Originating Author: David Vellante
Peer Incite Guest: Dave Robbins of NetApp
The Premise
On August 25th 2009, the Wikibon community gathered for a Peer Incite Research Meeting with Dave Robbins, the former head of Global Infrastructure for NetApp. Robbins put forth a strong premise and message to the Wikibon community, specifically:
The current economic downturn should not to be wasted by IT professionals. By challenging current assumptions and doing things differently, organizations can take fixed costs out of the business and modernize infrastructure to reduce operating expenses.
To pay for this transformation, users should consider strategic sourcing as a way to move CAPEX costs to the OPEX budget and move toward a model more weighted toward variable costs. This was generally considered by the call participants to be an early step on the cloud computing maturity model.
Metrics that Matter
Two key statistics came out of the call today:
- Server utilization rates in test and dev environments average between 5-8%.
- Typically, IT infrastructure costs are 70-80% oriented toward fixed costs.
Cloud computing promises to alter this dynamic. Organizations are on a multi-year journey to reduce the fixed cost percentage of expenditures and variabilize costs, with a 50/50 mix as a reasonable target that will vary by organizational size, business emphasis, and other factors. The Wikibon community discussed a three-step process to achieve this transformation, involving:
- Cut projects that aren’t essential and implement a prioritization and demand management system.
- Use sourcing as a strategic weapon across the portfolio to eliminate fixed costs.
- Develop and introduce metrics and sustainable processes to govern continuous improvement.
The End Game
By taking such an approach, Robbin’s goal for NetApp is not only to reduce fixed cost but to improve business flexibility. The starting point for NetApp was to figure out which pieces of IT get outsourced and which stay in house. Robbins conveyed to the Wikibon audience a simple model that: Outsources more generic infrastructure (e.g. test/dev and corporate Web site apps); Identifies applications that are standalone and pushes those to outsourced infrastructure where possible (e.g. small data marts) and Identifies applications that support specific business processes that can be pushed to the cloud (e.g. HR and CRM).

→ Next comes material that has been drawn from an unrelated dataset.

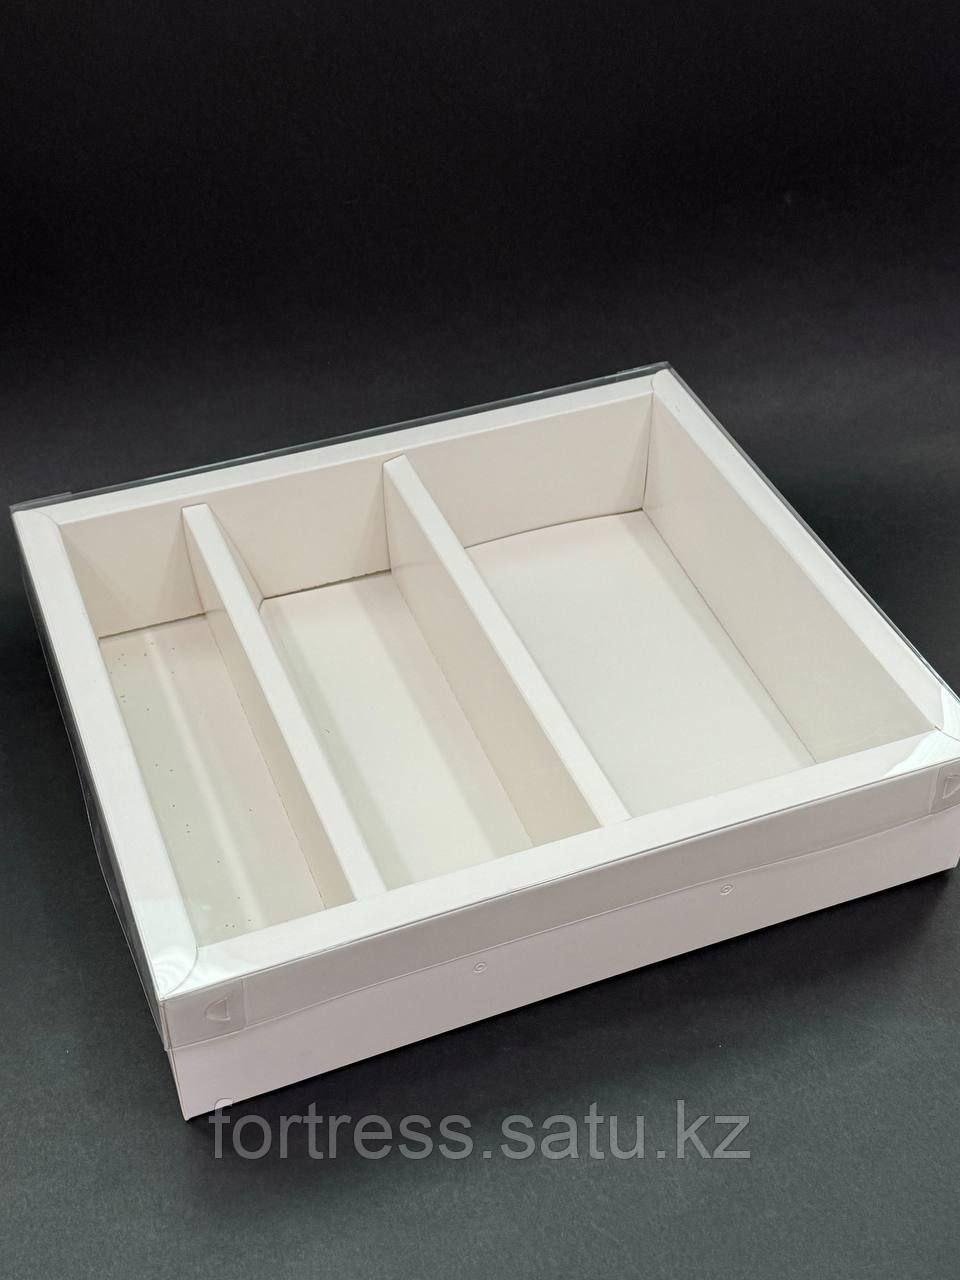 Коробка с прозрачной крышкой, белая 3 деления 29,5*25,5*6,5 (26,5*22,5*6,5)

What’s left are strategic applications with high degrees of integration that are core to the business and will remain in-house indefinitely.
The fact is, however, that we’ve heard similar stories and predictions over the past decade. The key question that came out of the call is the following:
Is this a permanent shift in the mindset of business technology executives or, will things normalize (i.e. revert back to a fixed cost model) once the economy rebounds?
Five Reasons the Change is Permanent
Robbins and the Wikibon community cited five reasons that lead us to believe this is a more permanent shift:
- The quality and ubiquity of networked computing is much greater today than in the past.
- IT complexity continues to escalate, and IT response rates continue to be too slow as compared to external cloud solution providers; there continues to be a slow and steady movement toward the consumerization of IT.
- Customers are demanding cost transparency, metering, and pay-as-you-go pricing.
- Technologies including virtualization and software-as-a-service are maturing in support of this trend.
- The severity of the economic downturn will have long-term effects on corporate behavior vis a vie over-investing in fixed asset bases that are continuously depreciating.
Action Item: Technology executives are being forced by business conditions to modernize infrastructure, better utilize assets, and provide equal or improved service levels. To pay for this transformation, organizations must use sourcing as a strategic weapon to drive fixed costs out of the business and improve responsiveness. The skill sets required to support this new reality will increasingly emphasize business and not technology optimization.